Café Hippy

I spend much of my time studying at home, pretending to be productive. I justify it by telling myself that I save money by being a hermit.

Eventually, I admit I’m not learning anything about wind power by playing guitar and fluffing the couch cushions. My flat is a breeding ground for procrastination. So I venture out into town, where homely distractions don’t drag me from my desk.

Cafés are my preferred workplace, but I brace myself every time I pay for a cappuccino in Sweden. Those coffee beans had better damn be fair trade. At that price, the whole Ugandan village should be brushing their teeth with caviar.

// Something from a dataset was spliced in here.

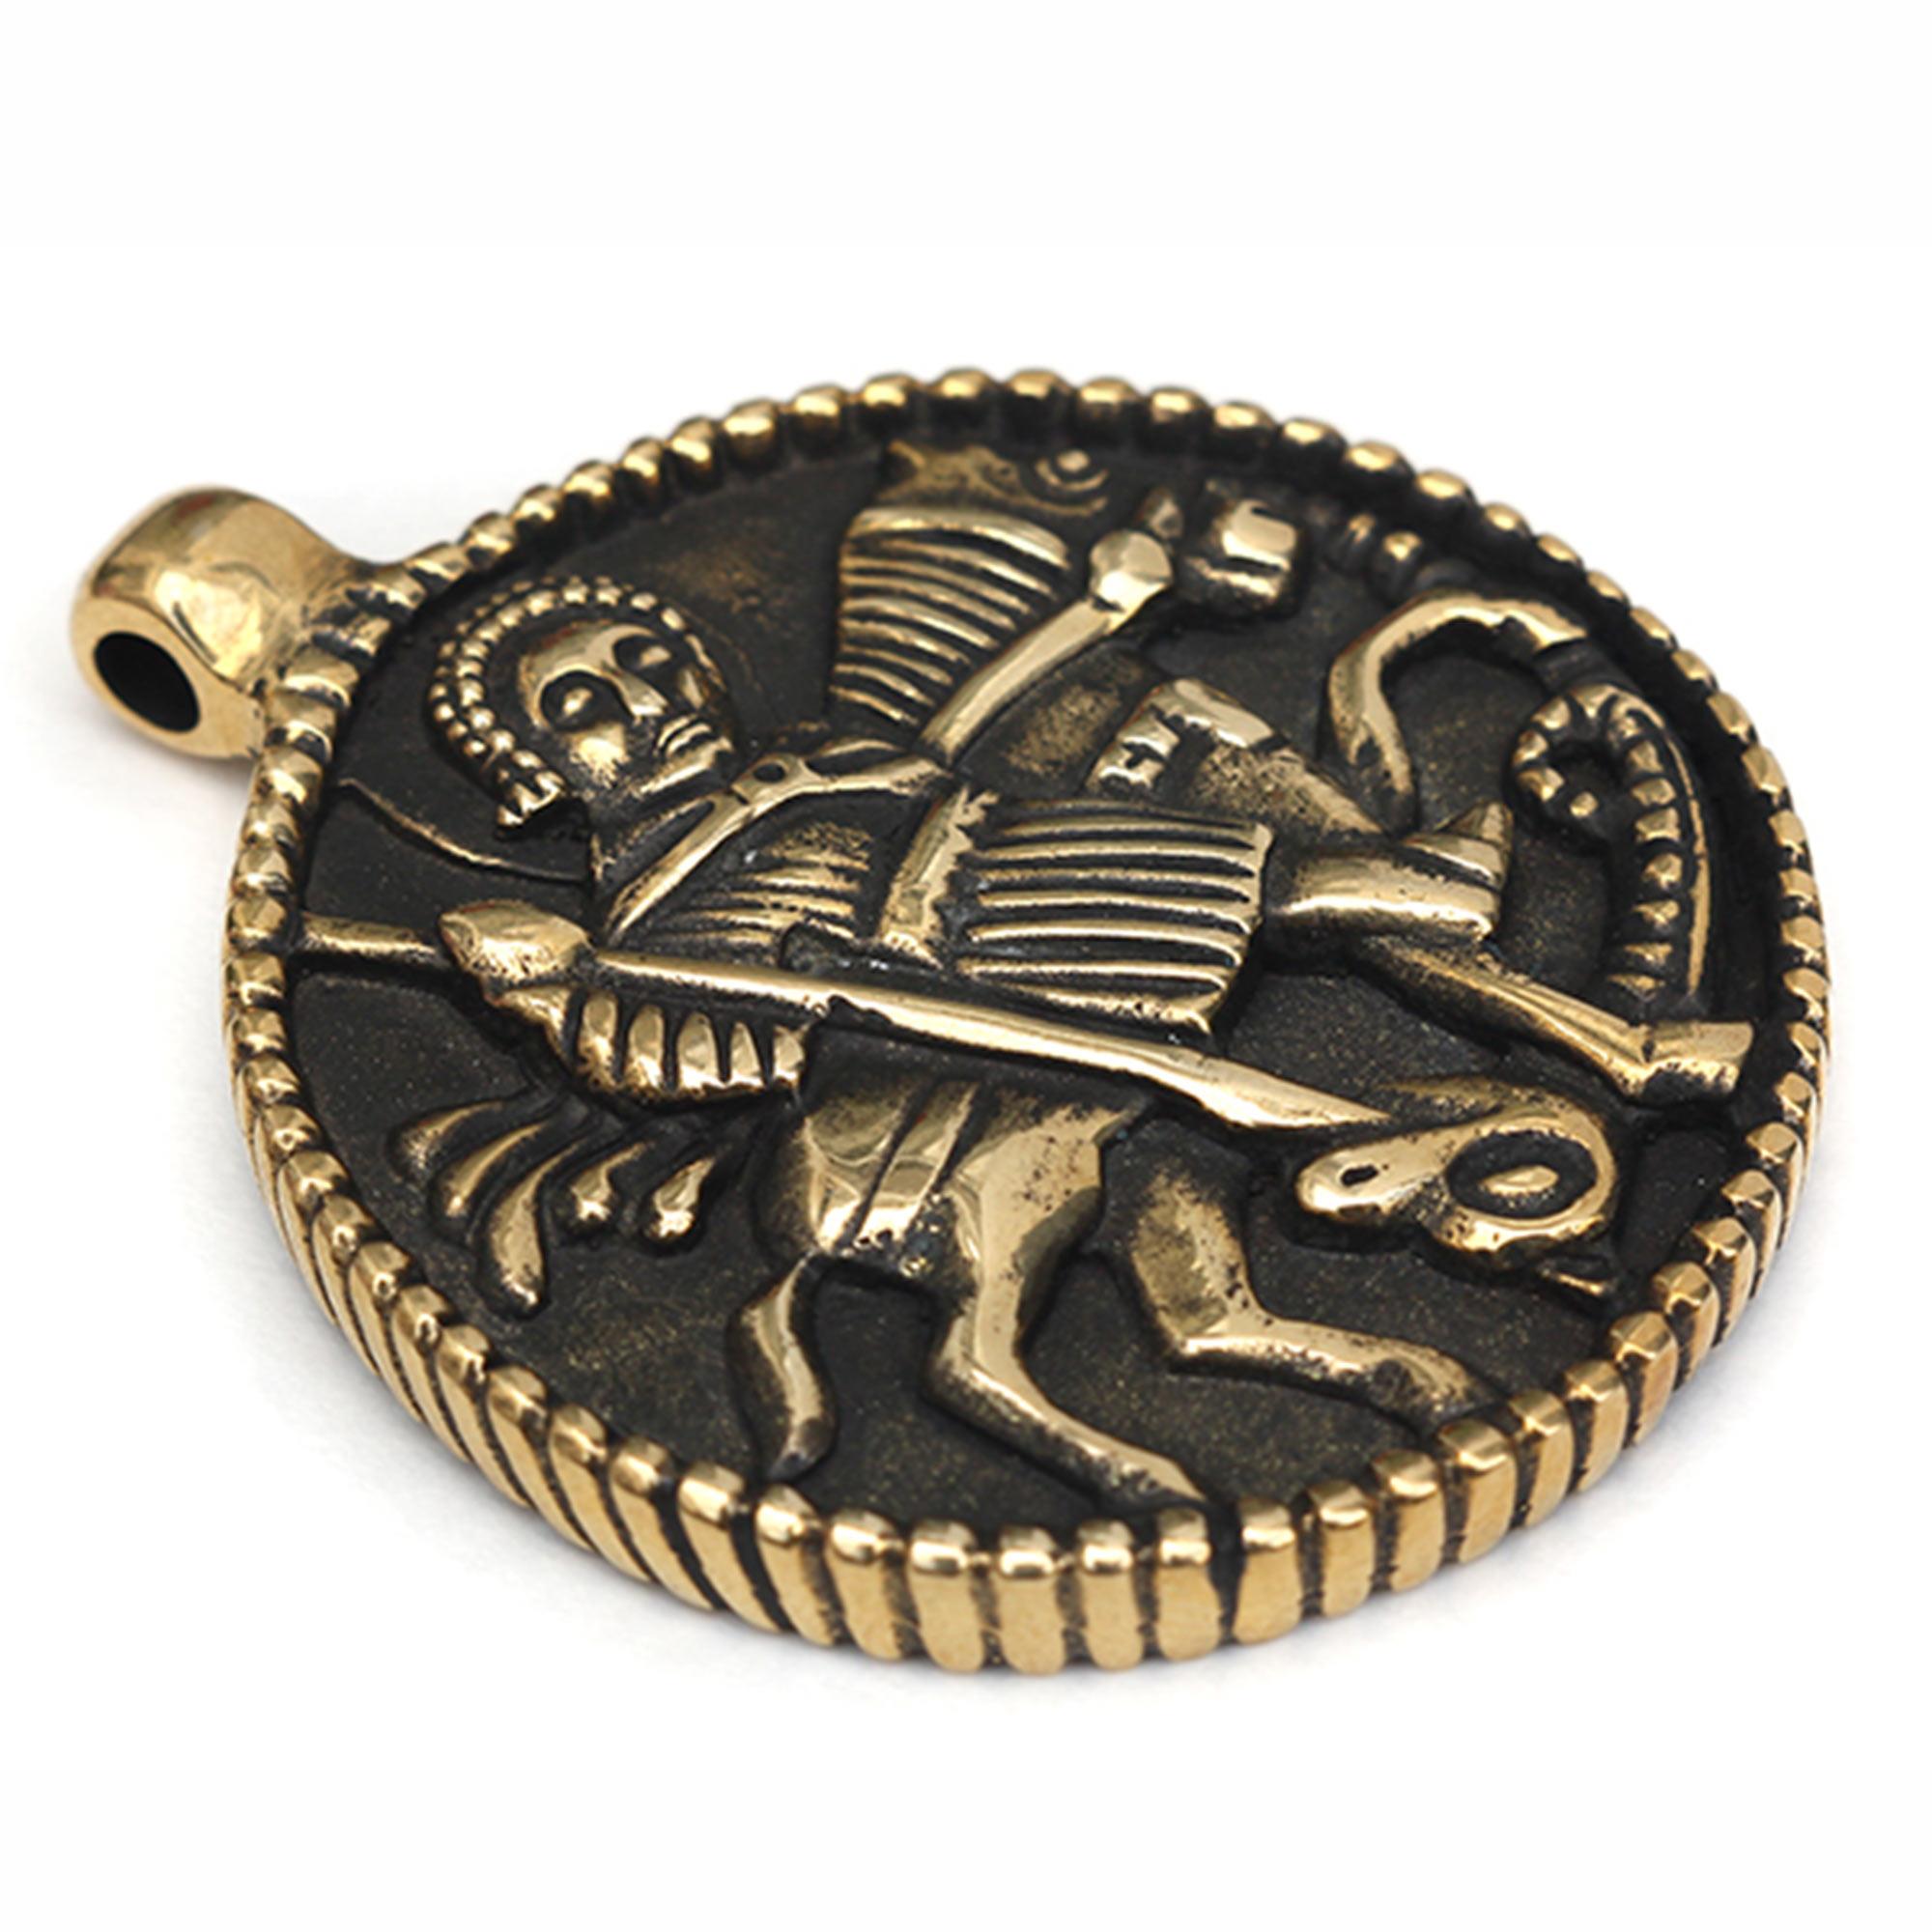 бронзовый кулон георгий победоносец змеевик купить в симферополе

My favourite Café is a spot called Los Vegos. Everything they serve is plant-based. It’s one of those places that really tries to look shabby in order to charge more. Patrons may opt to sit in an old, tattered couch which was obviously bought second hand to, like, save the planet, man. If you find used furniture too luxurious and wasteful, then seat your bottom on their plastic crates, turned on their side. Such spaces are reserved for VIPs.

One could also sit at a normal table, like a conformist swine. This is what makes me stand out as a counter revolutionary in a sea of enlightened indigo children. That and my lack of dreadlocks. The hairstyle seems to be a way for hippies to identify each other. As though the smell wasn’t enough. Tattered, loose-fitting garments, somewhere between pants and a poncho, sewn together by Cambodian child labourers. Clothing allows the hippy to be unique, like every other hippy.

Lunch hour is not a good time to be at Los Vegos. It’s when all the hippies take a break from playing bongo drums at the train station or begging on behalf of Amnesty International. They flock to Los Vegos, but in a totally unique way. With their identically unique garments flowing around them, wafting their unique scent – unwashed – in their wake.

They speak all at once and at the top of their voices, like hundreds of weaver birds in a single tree, competing for attention. “I’m going to Ghana to volunteer in the Planting Trees for Peace project.” “We’re going to fly over town in a hot-air ballon and drop marijuana seeds to combat global warming and end wars.” “Capitalism is suffocating my spirit animal.”

Hippy parents bring their indigo offspring into the café, carrying babies in cotton slings – handmade by destitute Colombians. The parents let the entire establishment know that Moonbeam was born vegan, can’t drink breast milk and shits world peace.